### Data segment
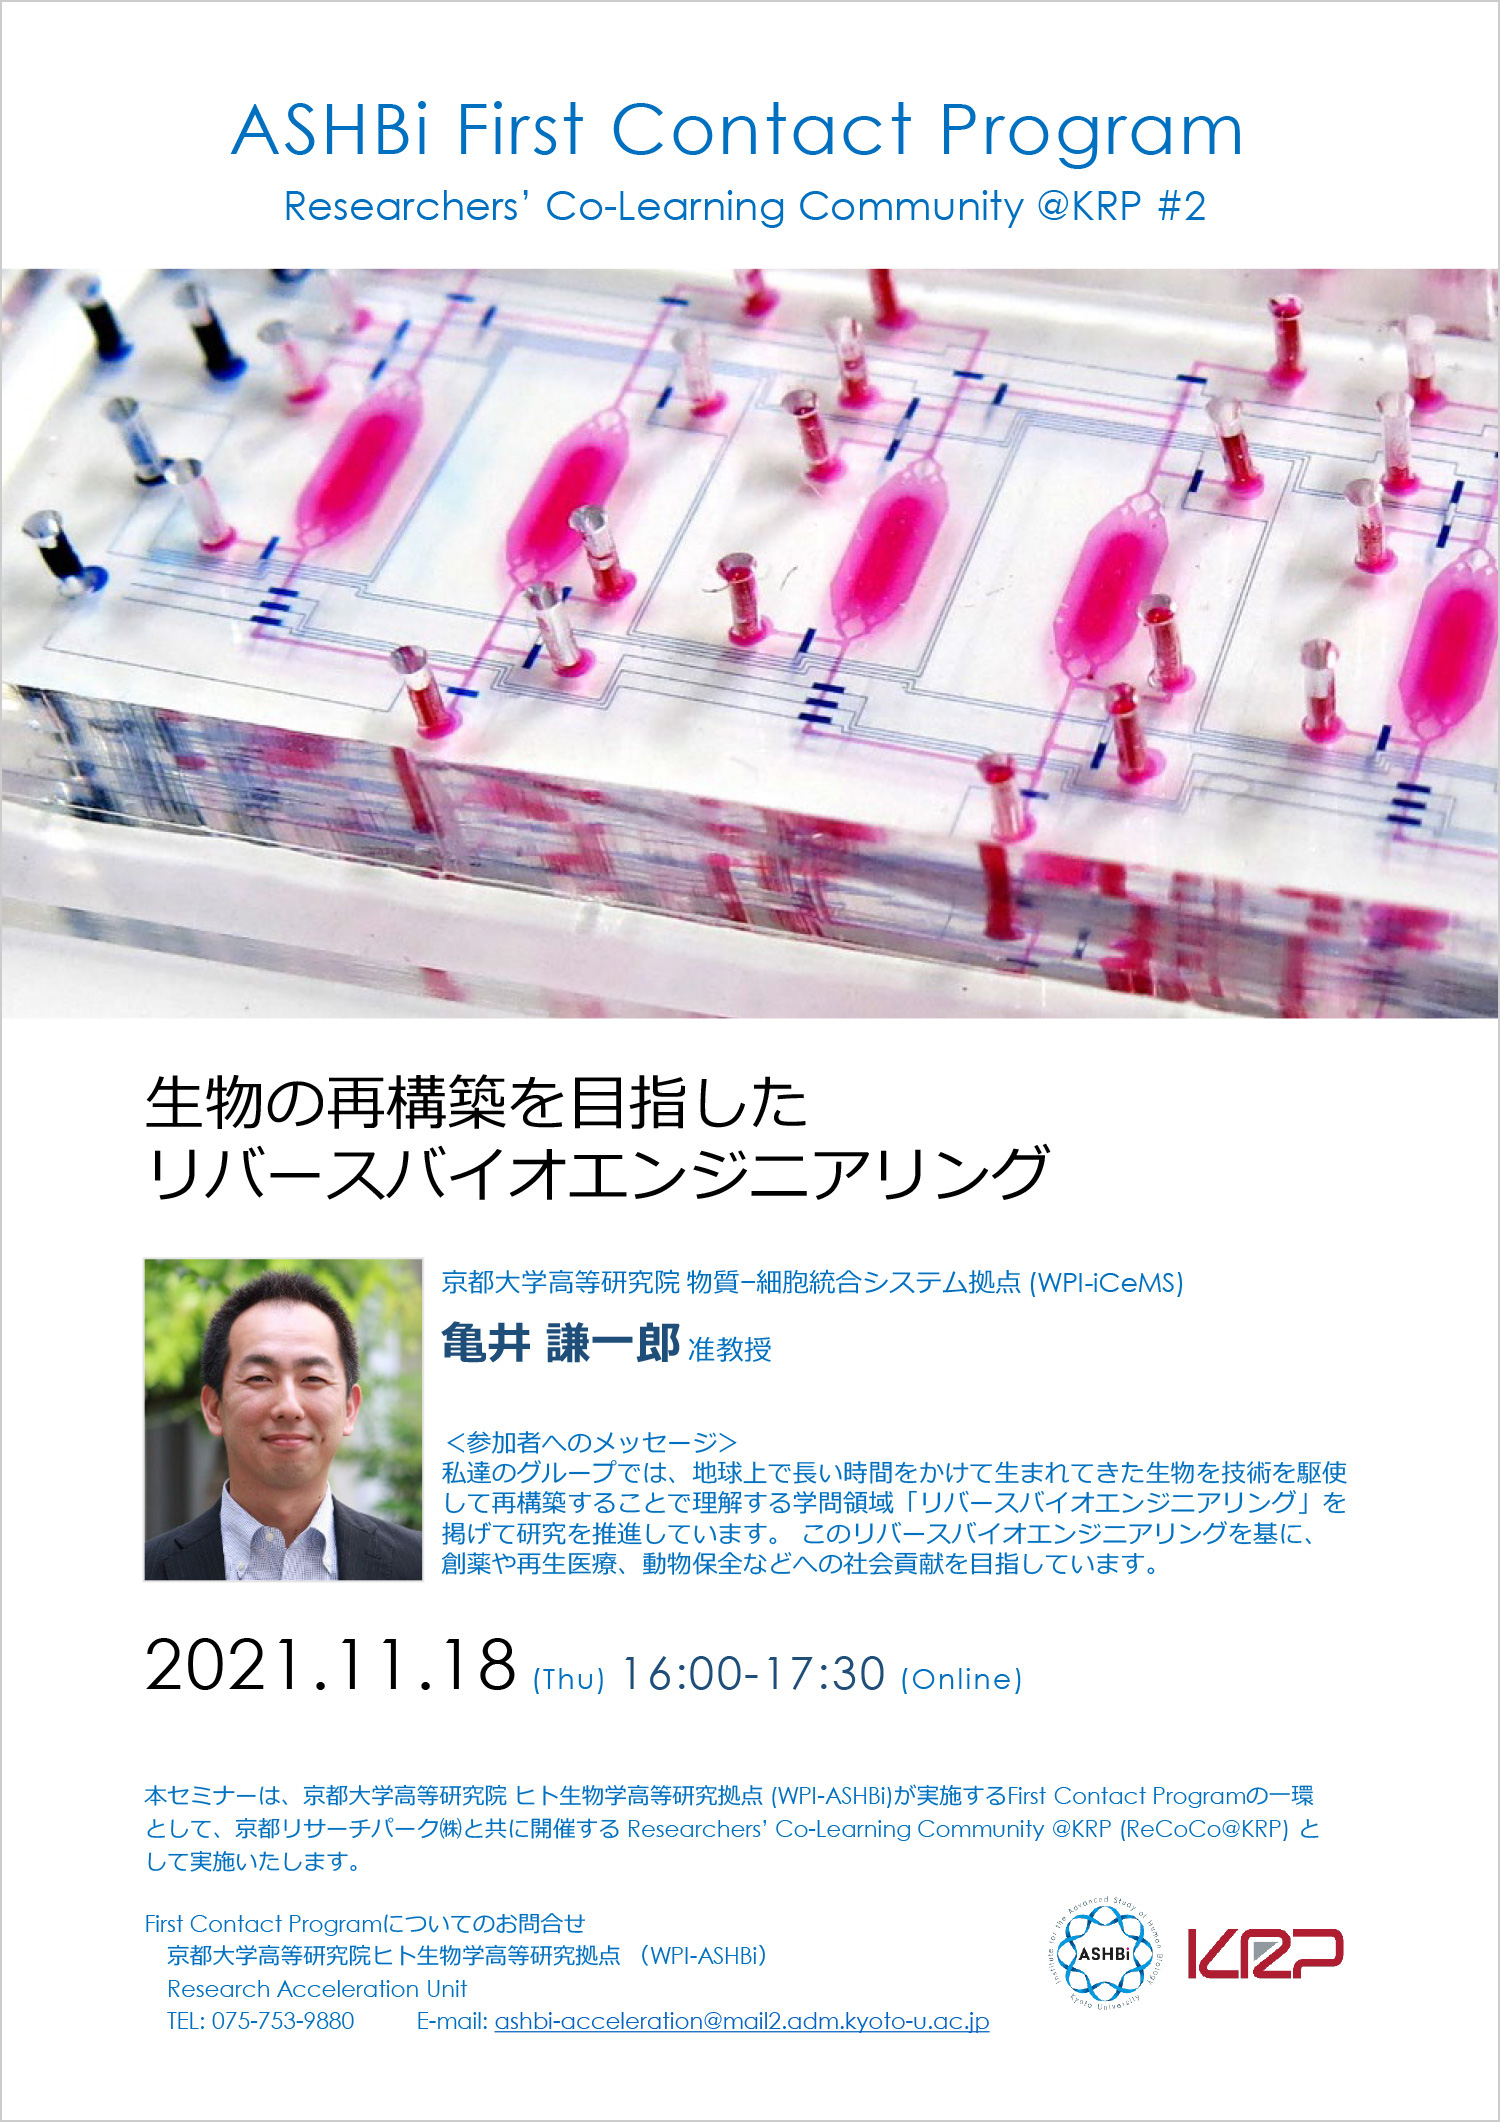 First Contact Program #2 (Dr. Ken-ichiro Kamei)
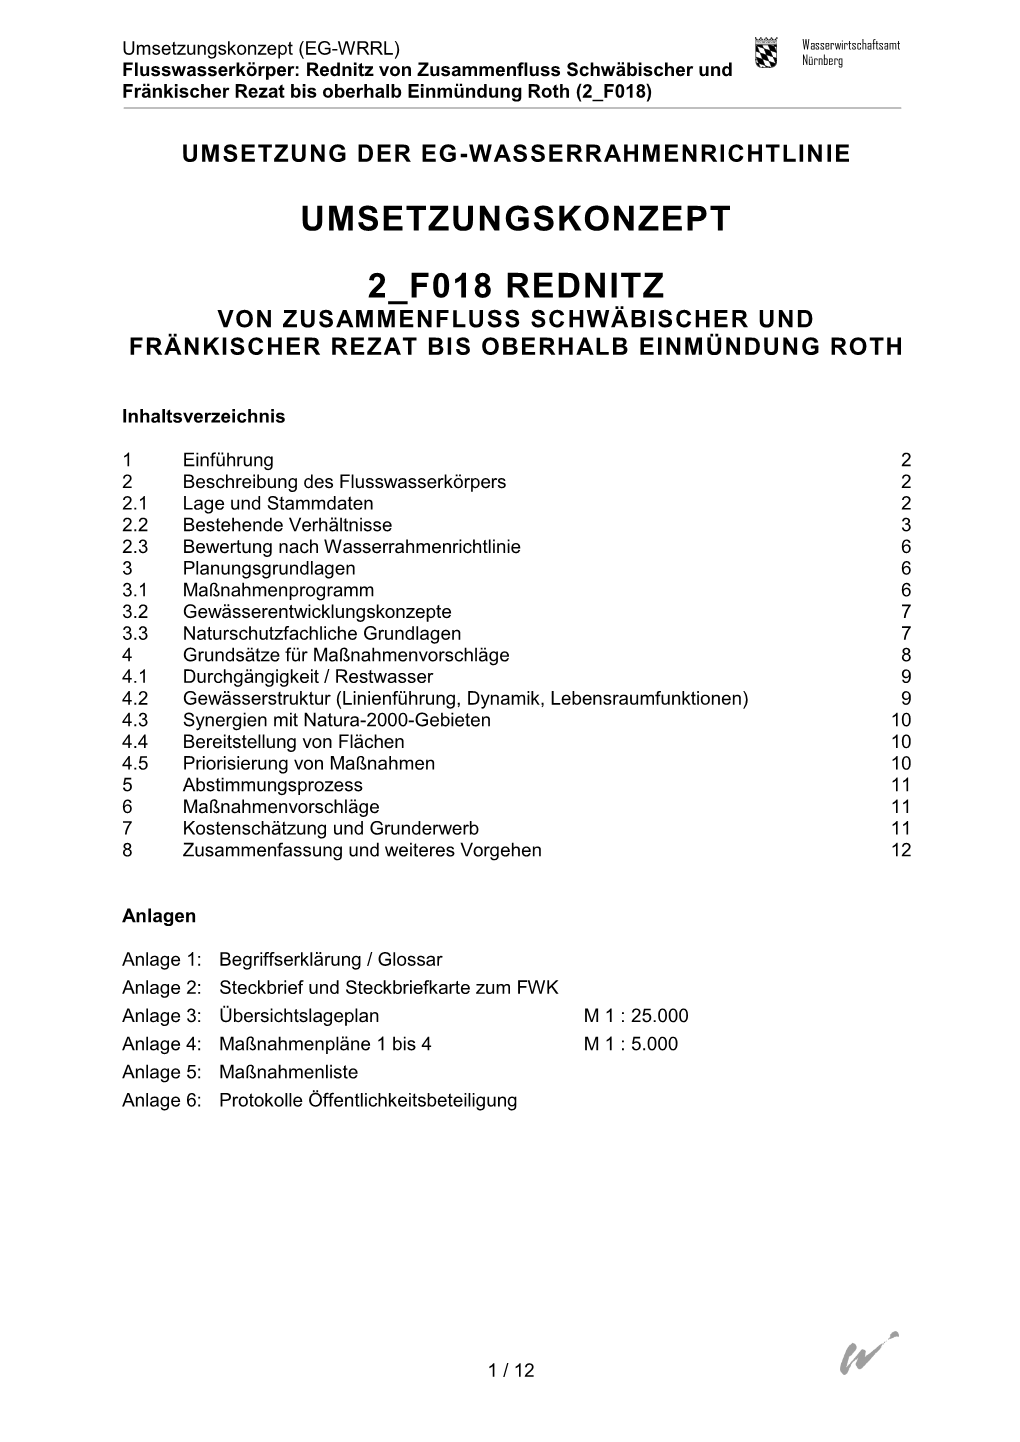 Umsetzungskonzept 2 F018 Rednitz
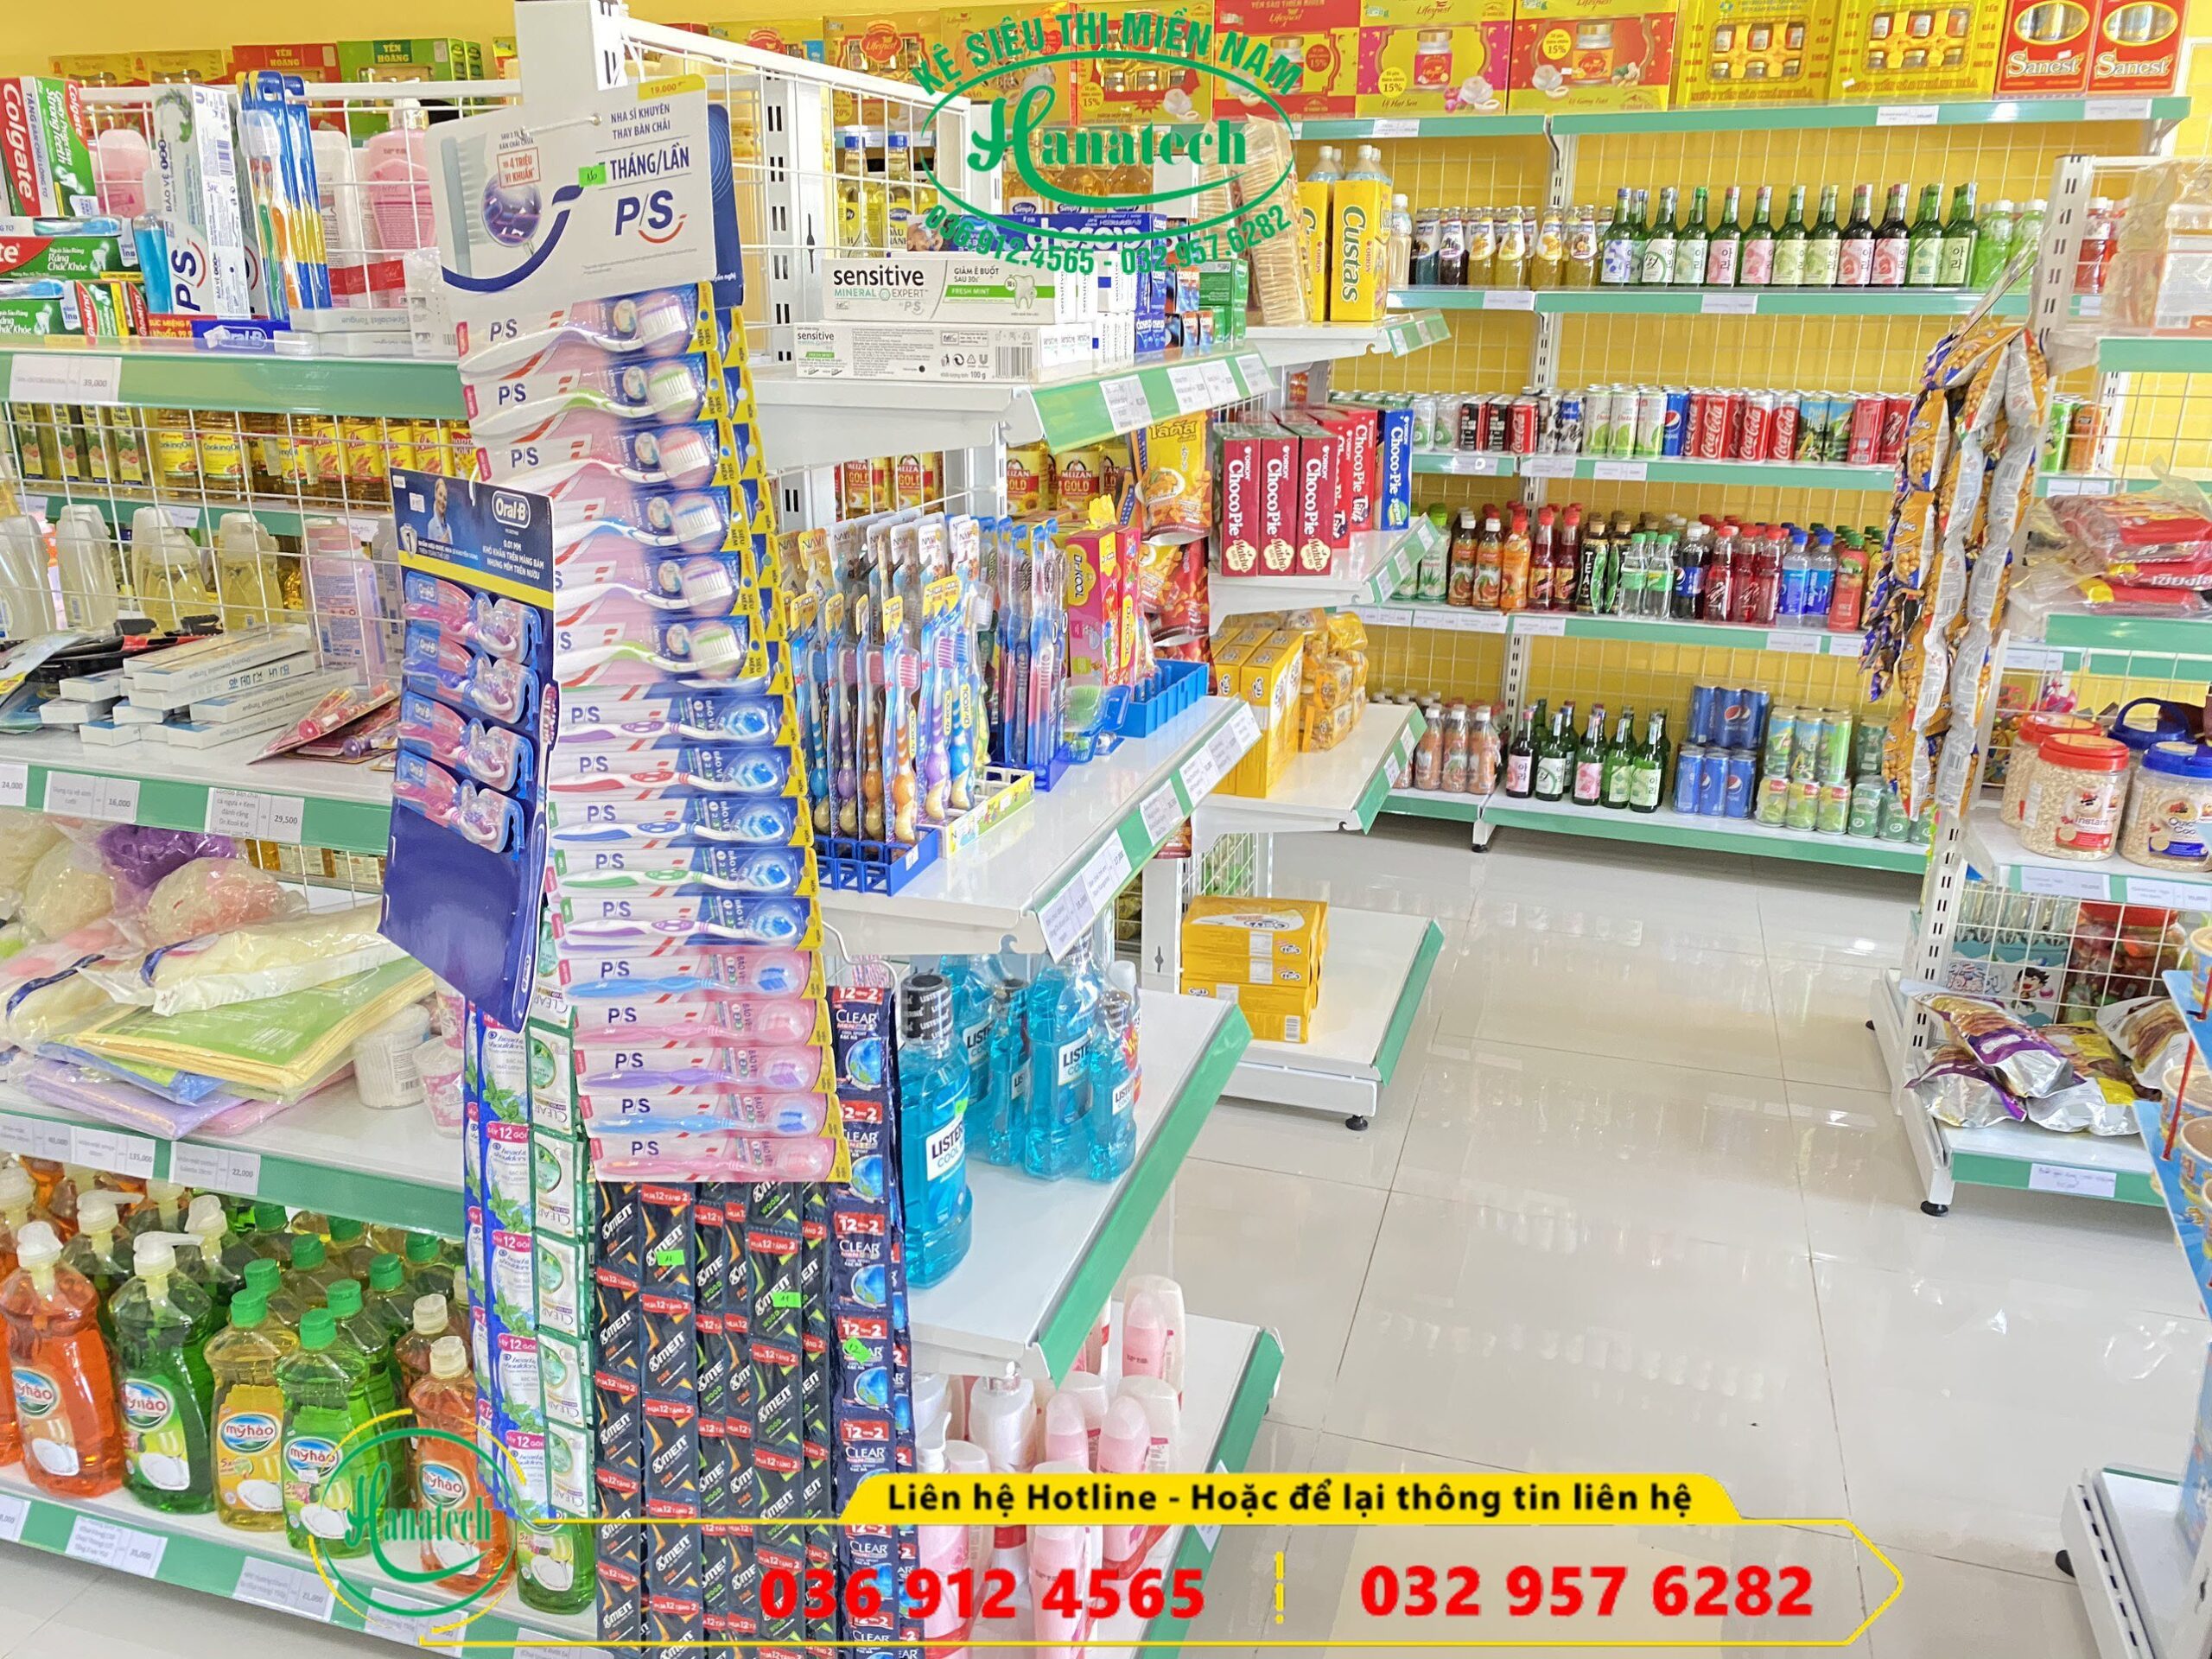 Giá kệ trưng bày sản phẩm cho cửa hàng tạp hóa tại TPHCM

### Task to complete
Nothing but the lines from the line containing "Umsetzungskonzept 2 F018 Rednitz" through the last line of the material may be output, and they must be copied exactly, without pictures.

### Exercise result
 Umsetzungskonzept 2 F018 Rednitz
 Giá kệ trưng bày sản phẩm cho cửa hàng tạp hóa tại TPHCM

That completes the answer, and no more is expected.